PyTorch 1.3 breaks OverSamplingCallback

Yeah it currently only works with integer labels. If you have any suggestions for other types of labels please let me know. Thanks for providing these tests!

When changing the sampler, you directly change the sampler with WeightedRandomSampler, but not the batch_sampler? Is there a reason for that? I remember it only working if I used the batch_sampler at least with PyTorch 1.2. Is there a way to change the batch_sampler with the dl.new command?

If passing batch_sampler then PyTorch would complain as fastai was appending whatever args are passed to the saved args. So it got both a batch_sampler and a batch_size. So I’d have to get rid of any batch options to pass a batch_sampler (passing None would likely work).
Things were different before when directly modifying the internal sampler parameters as then you’d end up with both a sampler and a batch_sampler which would likely cause an error. This method of just specifying a new sampler and letting the batch_sampler get created is what the Distributed stuff does.

As long as it works the same way with the correct distribution then it’s fine.

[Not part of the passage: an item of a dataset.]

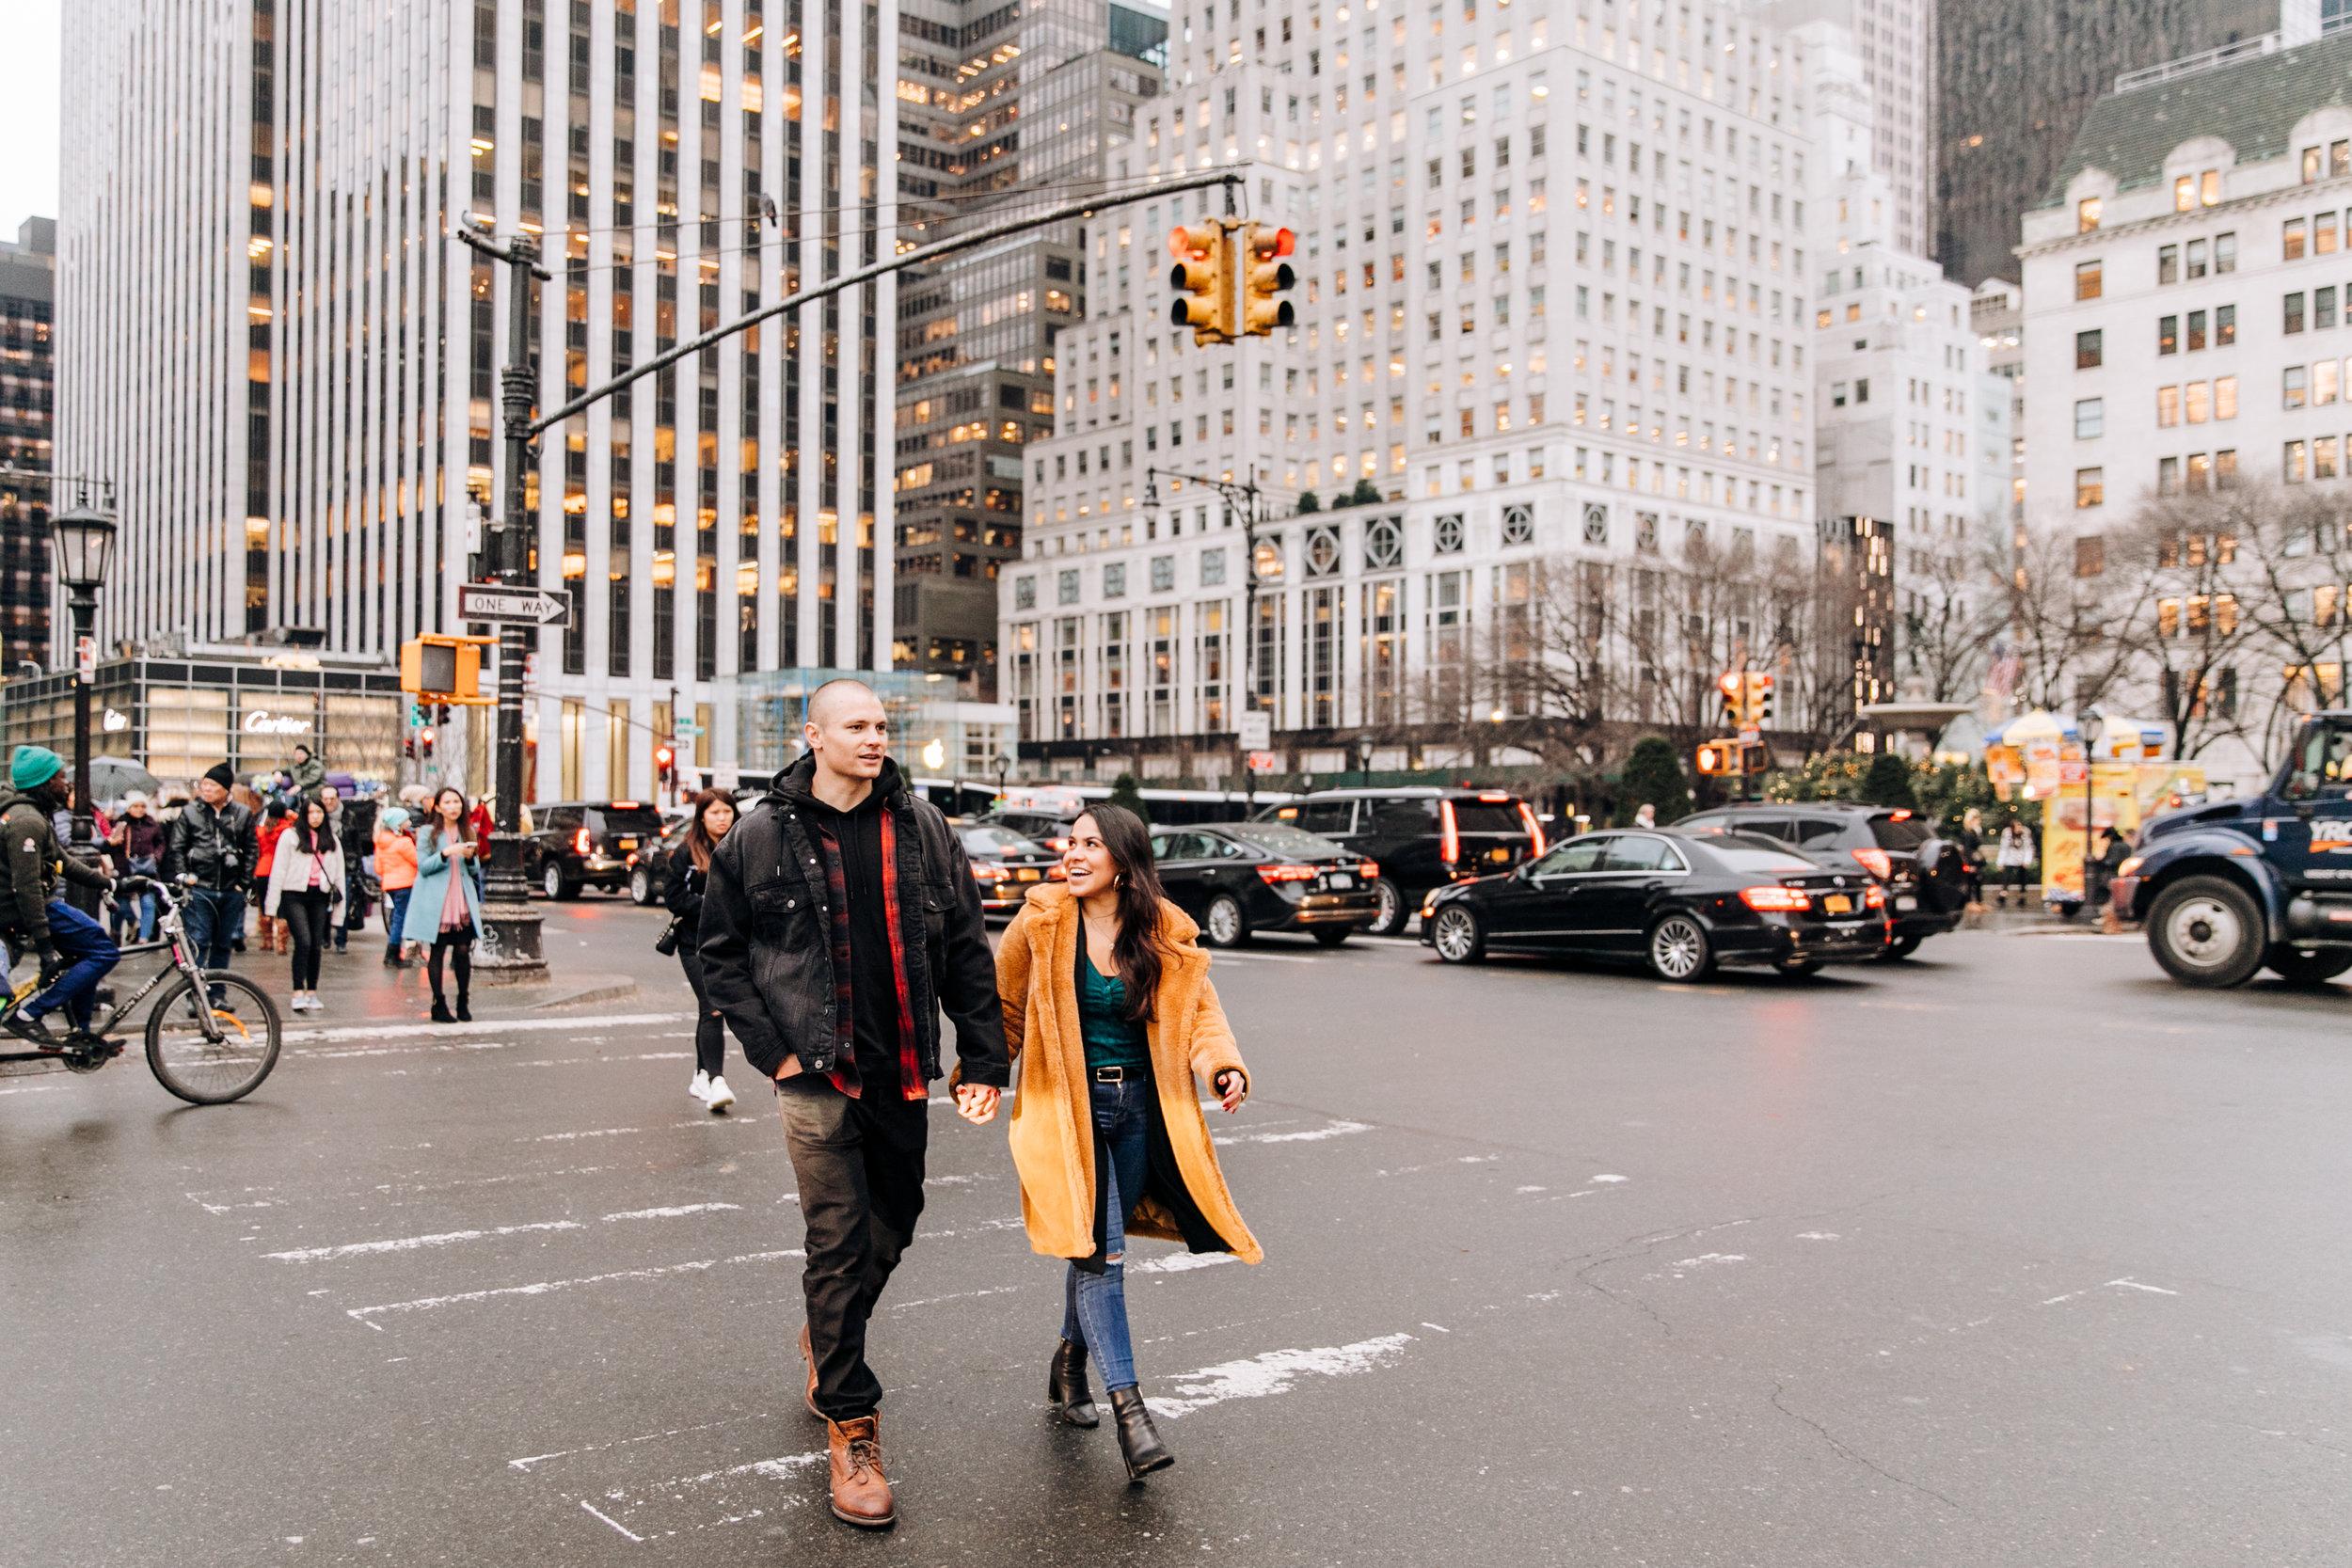 New York City Proposal, Central Park Proposal, NY Proposal Photographer, New York Proposal Photographer, NYC Engagement Photographer, New York Engagement Session, Central Park Proposal Photographer

You can check that it’s oversampling correctly using a snippet like this:

labels = []
for img,target in data.train_dl:
    labels.append(target)
labels = torch.cat(labels)
plt.hist(labels)
1 Like

That’s nice.

In terms of enhancements:
I think if you take the items and counts from np.unique then you could map self.labels to indexes into the unique counts and it should work for arbitrary items. You might then want to check you weren’t getting something silly like a list of filenames (or RLE masks as I once tried without thinking). It would be pretty slow with lots of unique values (you might also want to sort the labels/counts first to be able to use np.searchsorted).
Another possible option would be allowing a function from item to a label ID. For instance if doing multi-class segmentation you could provide the class of mask.That would also allow using arbitrary columns in the inner_df. Again possibly a little slow on big datasets but this only happens in on_train_begin so should generally be fine.`

That also reminds me I tried to use it once with weights, in a mutti-label segmentation task, and it had issues because it was still doing some of the calculations on labels which were masks. It probably should skip some of those calculations if provided weights.

Another enhancement would be allowing the caller to specify the total_len_oversample, then you can use it for under-sampling as well (for when over-sampling results in overly long epochs or over-representation of a class). I use code for this which I think is basically the same as yours except that I set the epoch length to less than the original size.

1 Like

Thanks for your suggestions. I do plan to allow for undersampling in the future too, and convert it from OverSamplingCallback to just SamplingCallback. However, I think it might be best to leave some of these changes till fastai v2. I anyway plan to prioritize TPU callback (thanks for all your help so far) and a couple Kaggle competitions for the next couple months.

1 Like

Yeah, obviously some limitations with backward compatibility so a rewrite for v2 may be best for some. Also not major things.
Better support for passing in weights is probably the biggest as you likely quickly get into cases where it’d be better just calculating the weights yourself and there aren’t necessarily sensible defaults E.g. how long should an epoch be when undersampling? I just have a config param fixing it to a value that gives me regular enough validations (which depends on model size). So just taking care of the fastai side and a couple of samples for doing your own weights might be just as good.

Isn’t passing of weights already supported? Are there problems with it?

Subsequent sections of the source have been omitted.